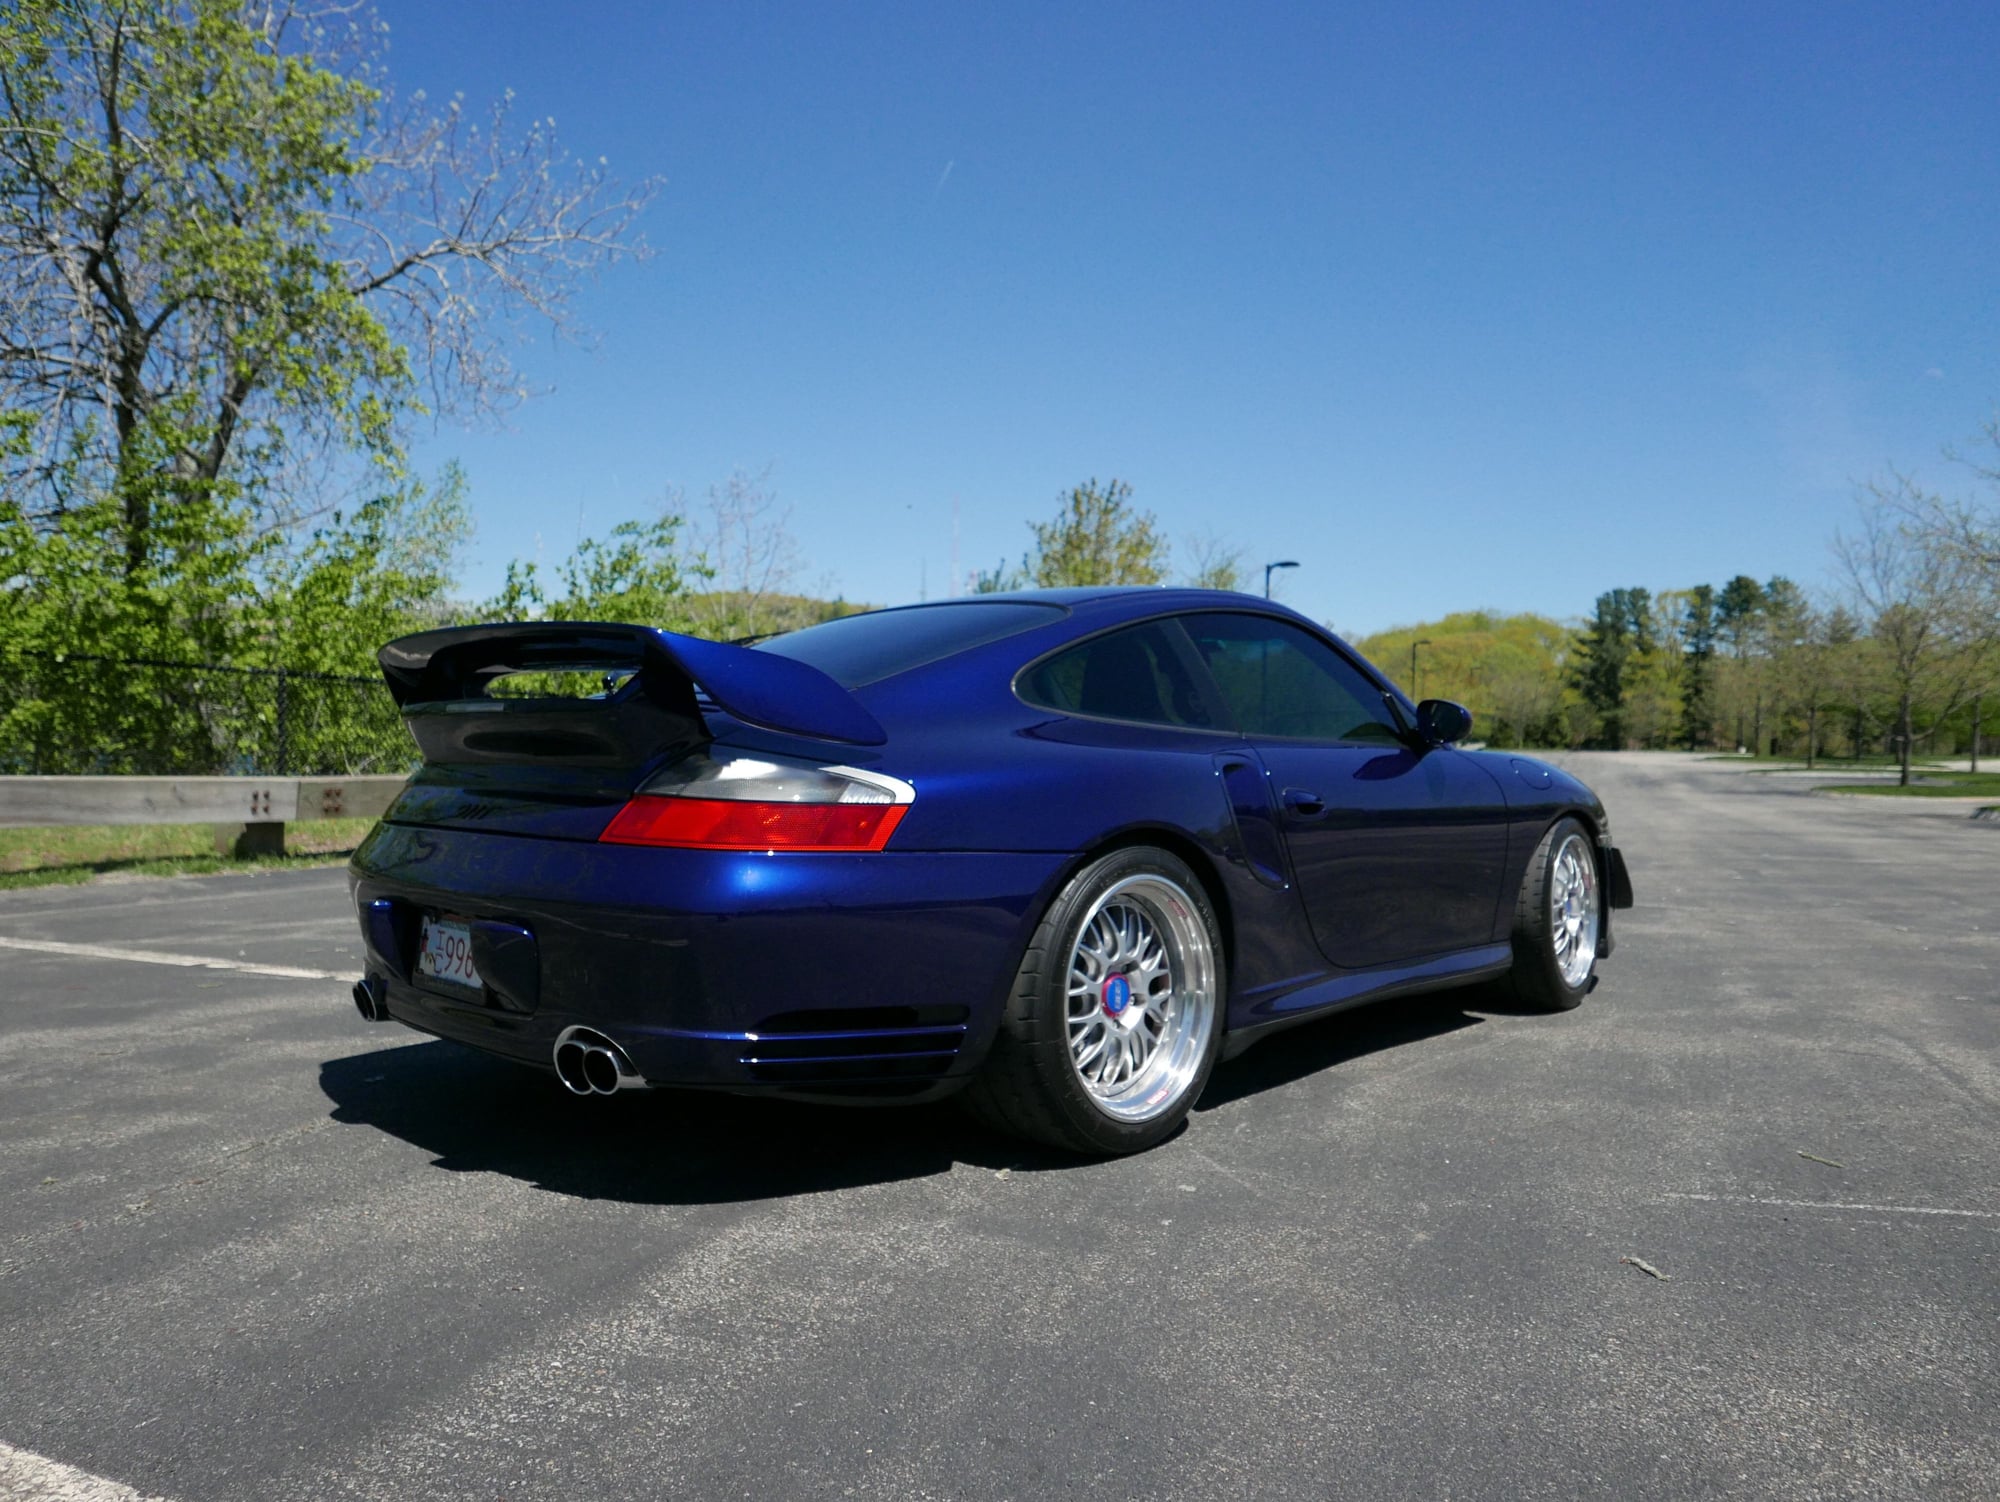 2003 Porsche 911 - FS: 996 Turbo X50 Coupe *Low Miles *Manual*Immaculate*Lapis Blue - Used - VIN WP0AB29993S688598 - 29,547 Miles - 6 cyl - AWD - Manual - Coupe - Blue - Weston, MA 02493, United States
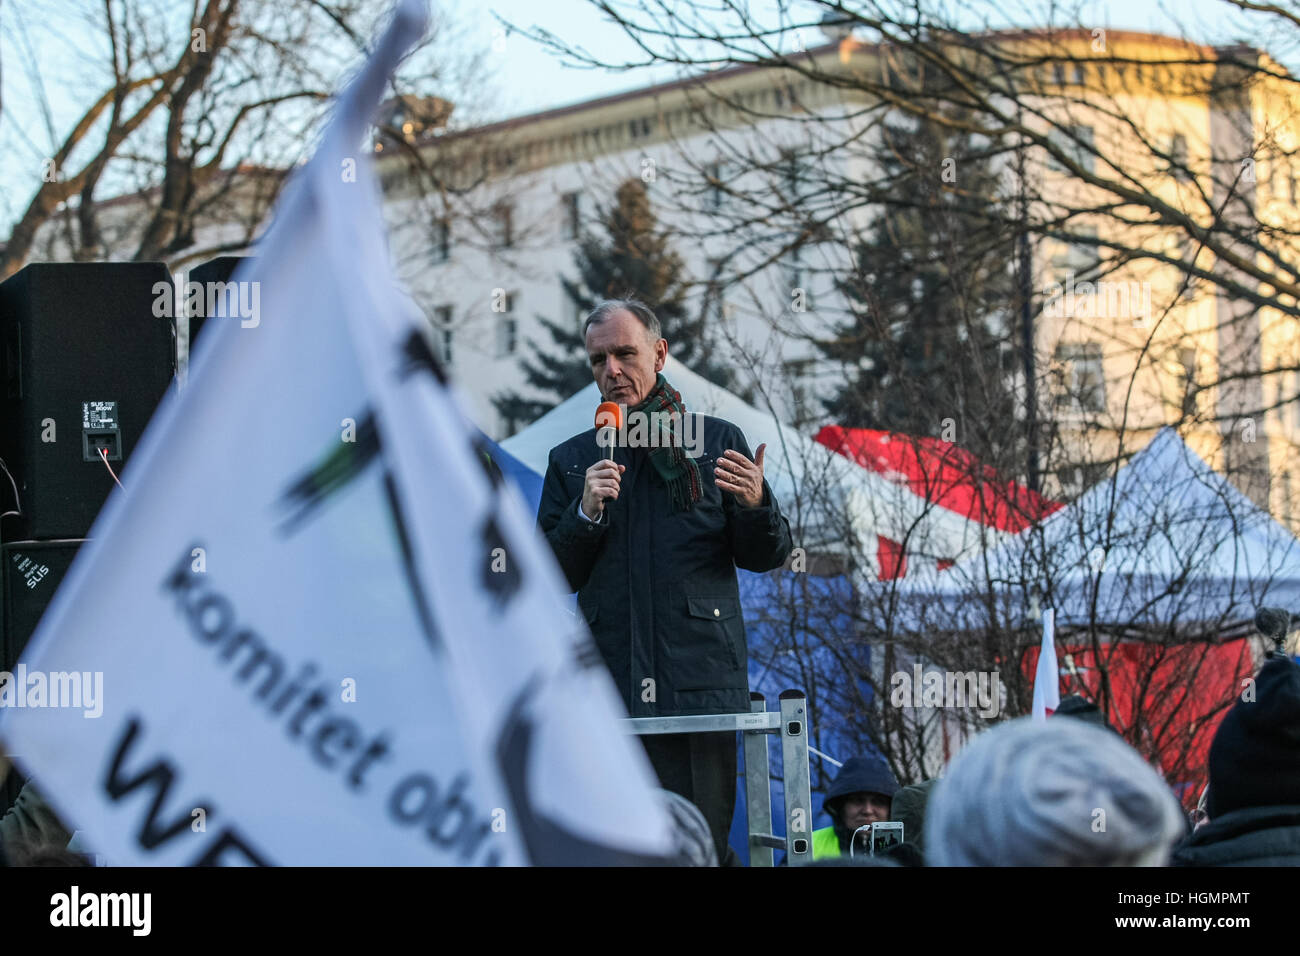 Warsaw, Poland 11th, Jan. 2017 Bogdan Klich - Senate member is seen. Committee for Defence of Democracy (KOD) protest outside the Polish Parliament (Sejm). Protesters demand to respect Polish Law by the PiS ruling party Parliament Members and government during the disputed budget bill. Credit: Michal Fludra/Alamy Live News Stock Photo
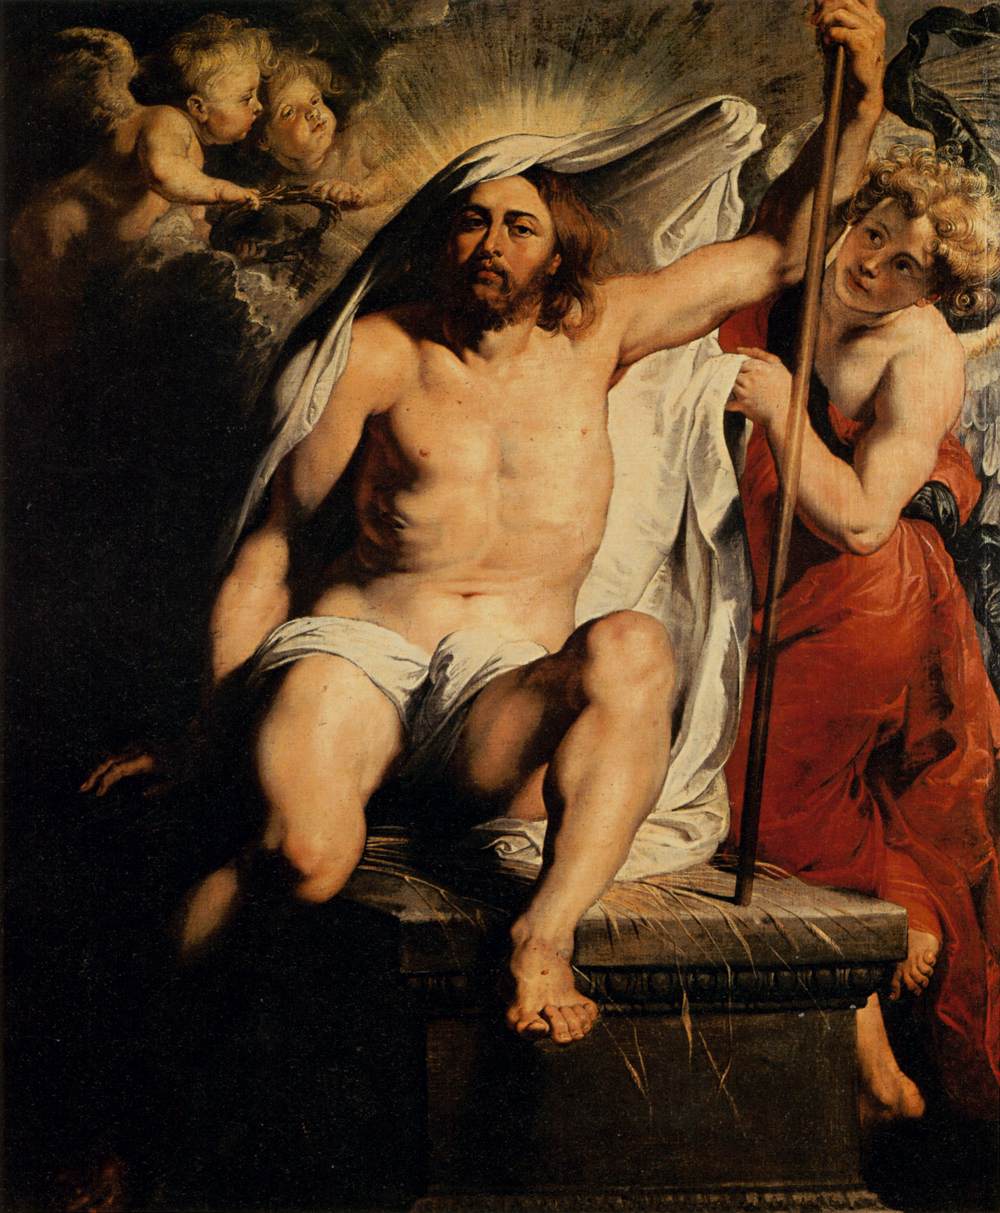 Christ Resurrected by Peter Paul Rubens Reproduction Oil Painting on Canvas
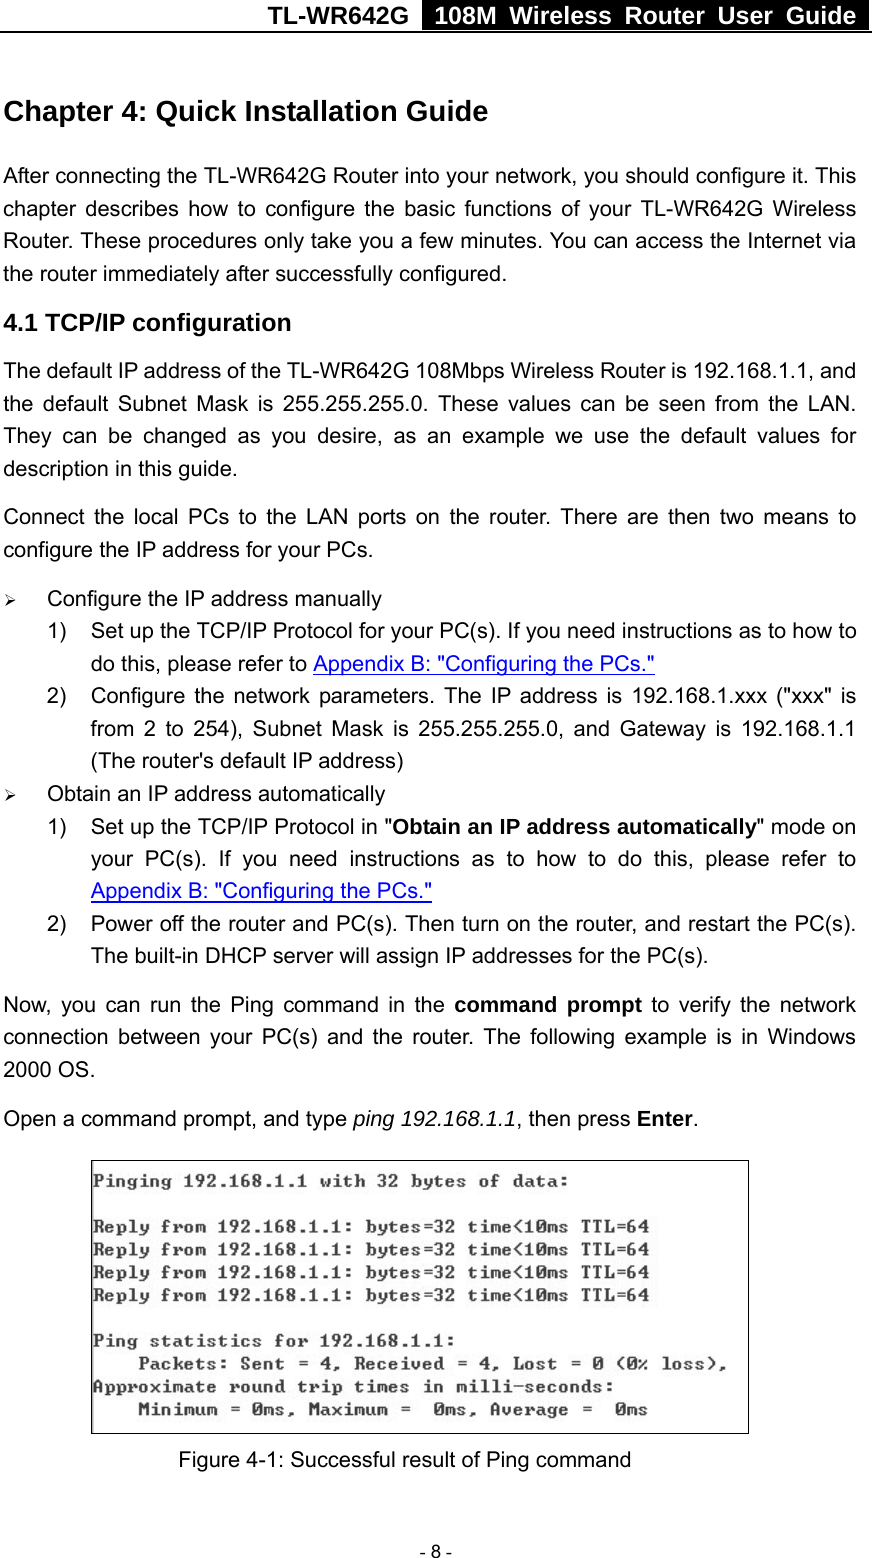 TL-WR642G   108M Wireless Router User Guide   - 8 - Chapter 4: Quick Installation Guide After connecting the TL-WR642G Router into your network, you should configure it. This chapter describes how to configure the basic functions of your TL-WR642G Wireless Router. These procedures only take you a few minutes. You can access the Internet via the router immediately after successfully configured. 4.1 TCP/IP configuration The default IP address of the TL-WR642G 108Mbps Wireless Router is 192.168.1.1, and the default Subnet Mask is 255.255.255.0. These values can be seen from the LAN. They can be changed as you desire, as an example we use the default values for description in this guide. Connect the local PCs to the LAN ports on the router. There are then two means to configure the IP address for your PCs. ¾ Configure the IP address manually 1)  Set up the TCP/IP Protocol for your PC(s). If you need instructions as to how to do this, please refer to Appendix B: &quot;Configuring the PCs.&quot; 2)  Configure the network parameters. The IP address is 192.168.1.xxx (&quot;xxx&quot; is from 2 to 254), Subnet Mask is 255.255.255.0, and Gateway is 192.168.1.1 (The router&apos;s default IP address) ¾ Obtain an IP address automatically 1)  Set up the TCP/IP Protocol in &quot;Obtain an IP address automatically&quot; mode on your PC(s). If you need instructions as to how to do this, please refer to Appendix B: &quot;Configuring the PCs.&quot; 2)  Power off the router and PC(s). Then turn on the router, and restart the PC(s). The built-in DHCP server will assign IP addresses for the PC(s). Now, you can run the Ping command in the command prompt to verify the network connection between your PC(s) and the router. The following example is in Windows 2000 OS. Open a command prompt, and type ping 192.168.1.1, then press Enter.                Figure 4-1: Successful result of Ping command 
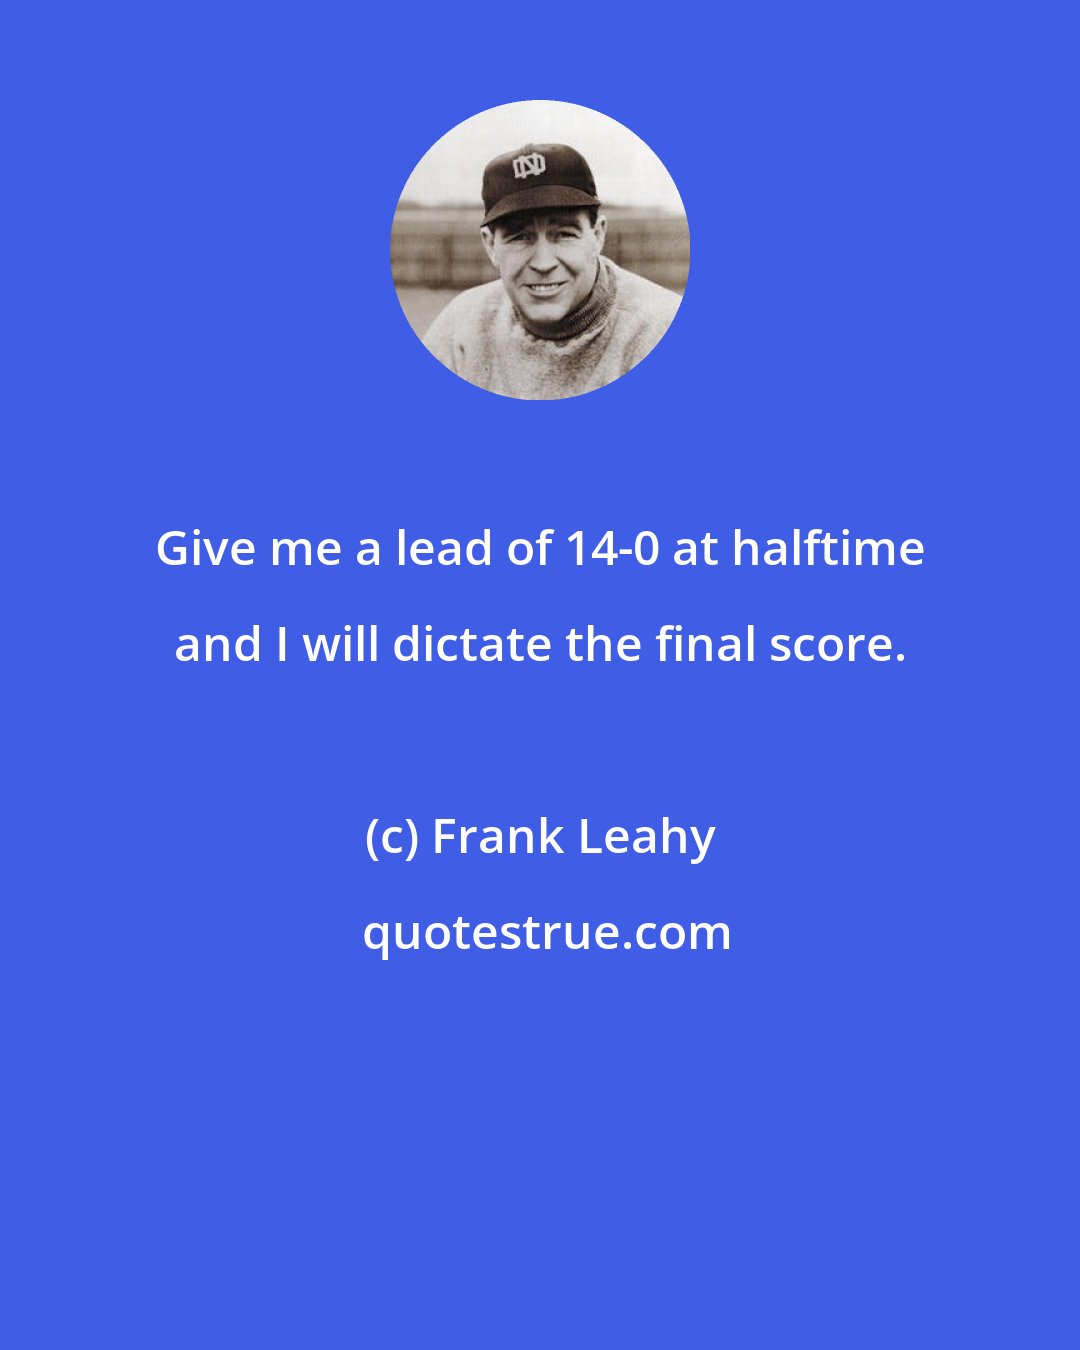 Frank Leahy: Give me a lead of 14-0 at halftime and I will dictate the final score.

- _EXERCISE AIM_:
Above are records with pictures. Reproduce exactly only the lines from the line with "Warsaw, Poland 11th, Jan." through the line with "Christ Resurrected by", both ends included, and leave the pictures out.

- _ANSWER AREA_:
 Warsaw, Poland 11th, Jan. 2017 Bogdan Klich - Senate member is seen. Committee for Defence of Democracy (KOD) protest outside the Polish Parliament (Sejm). Protesters demand to respect Polish Law by the PiS ruling party Parliament Members and government during the disputed budget bill. Credit: Michal Fludra/Alamy Live News Stock Photo
 Christ Resurrected by Peter Paul Rubens Reproduction Oil Painting on Canvas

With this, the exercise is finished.